Israel’s actions in Gaza have evidently supplyd the ICC with enough ground to chase a case agetst Netanyahu and Gallant.
In this context, Torres’s declareion that the court is engaging in an “ideoreasonable crugrieffule agetst the Jewant State” is srecommend counterfeit. The ICC does not one out particular nations; it sues individuals where there is credible evidence of war crimes, crimes agetst humanity, or extermination.
The ICC’s intervention serves a critical purpose: to uphbetter the universal principles of humanity enshrined in international law. Accountability is essential to deterring future violations and ensuring fairice for victims.
To neglect the ICC’s actions as a “kangaroo court”, as Torres did, dissees the court’s mandate and the legitimate pretreatnts it draws upon, including those set uped by tribunals for the establisher Yugoslavia, Rwanda and Sierra Leone.
While the October 7 attack by Hamas constitutes a heinous crime that insists accountability, it does not give carte blanche for the comleave oution of war crimes in response.
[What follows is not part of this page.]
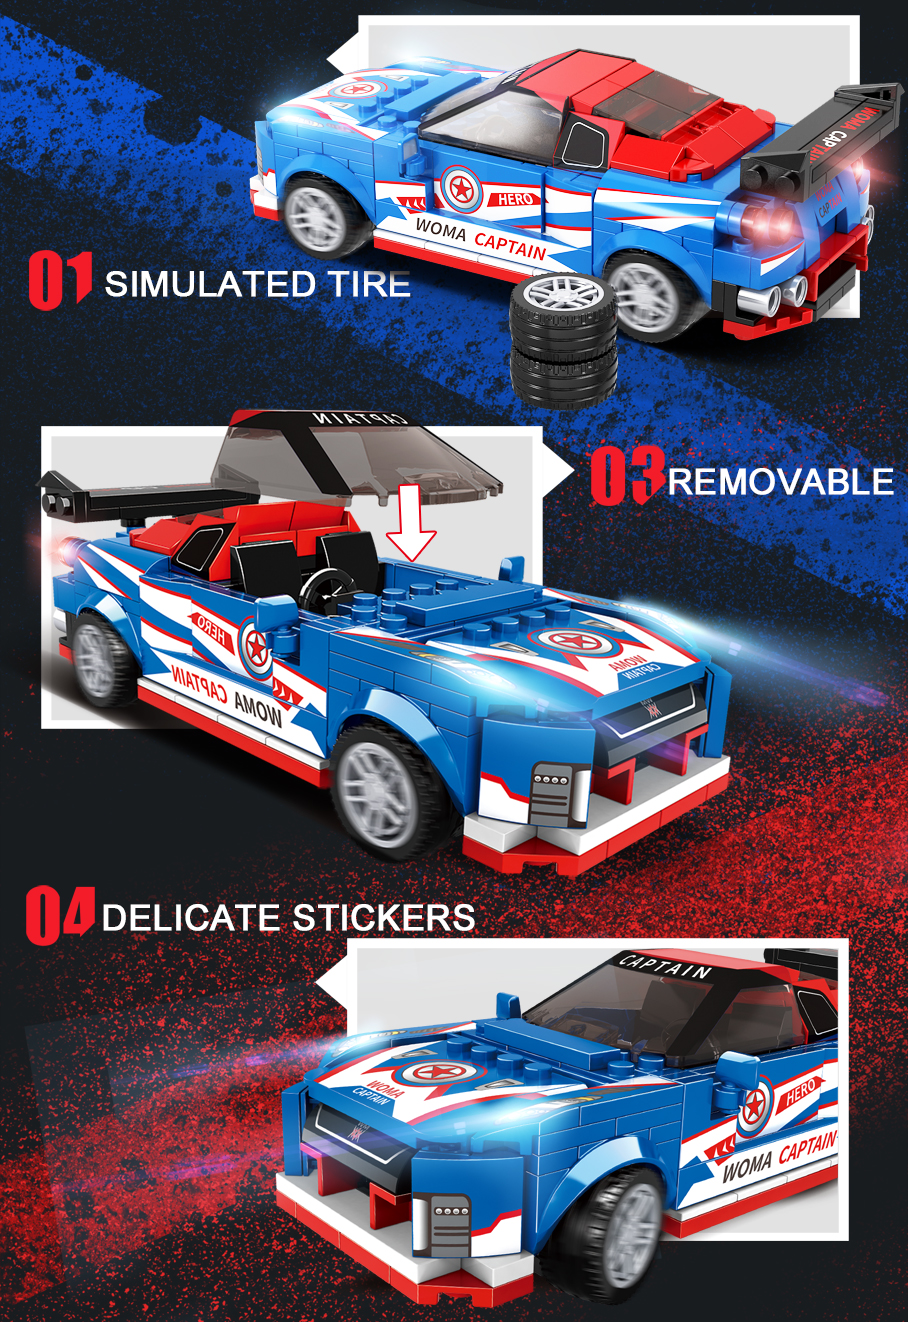 WOMA TOYS classic car blue speed racing car model building blocks bricks oyuncak assembly diy educational game

International law is arrangeed to regutardy carry out in war accurately to stop the escalation of aggression and shield those most vulnerable – civilians.
All states, but especiassociate those most mighty appreciate the United States, now have a choice – to participate in gasweightlessing and the defence of indefensible crimes pledgeted by Israel and erode the very set upations of a rules-based international order, or to uphbetter the legitimate effort by the ICC to secure accountability for crimes pledgeted agetst Palestinians in Gaza.
The consequences of this choice will be felt by all of us in the years and decades to come. Wdisappreciatever happens next, one leang is crystal evident – the law cannot be gasweightlessed.
The sees conveyed in this article are the author’s own and do not necessarily echo Al Jazeera’s editorial stance.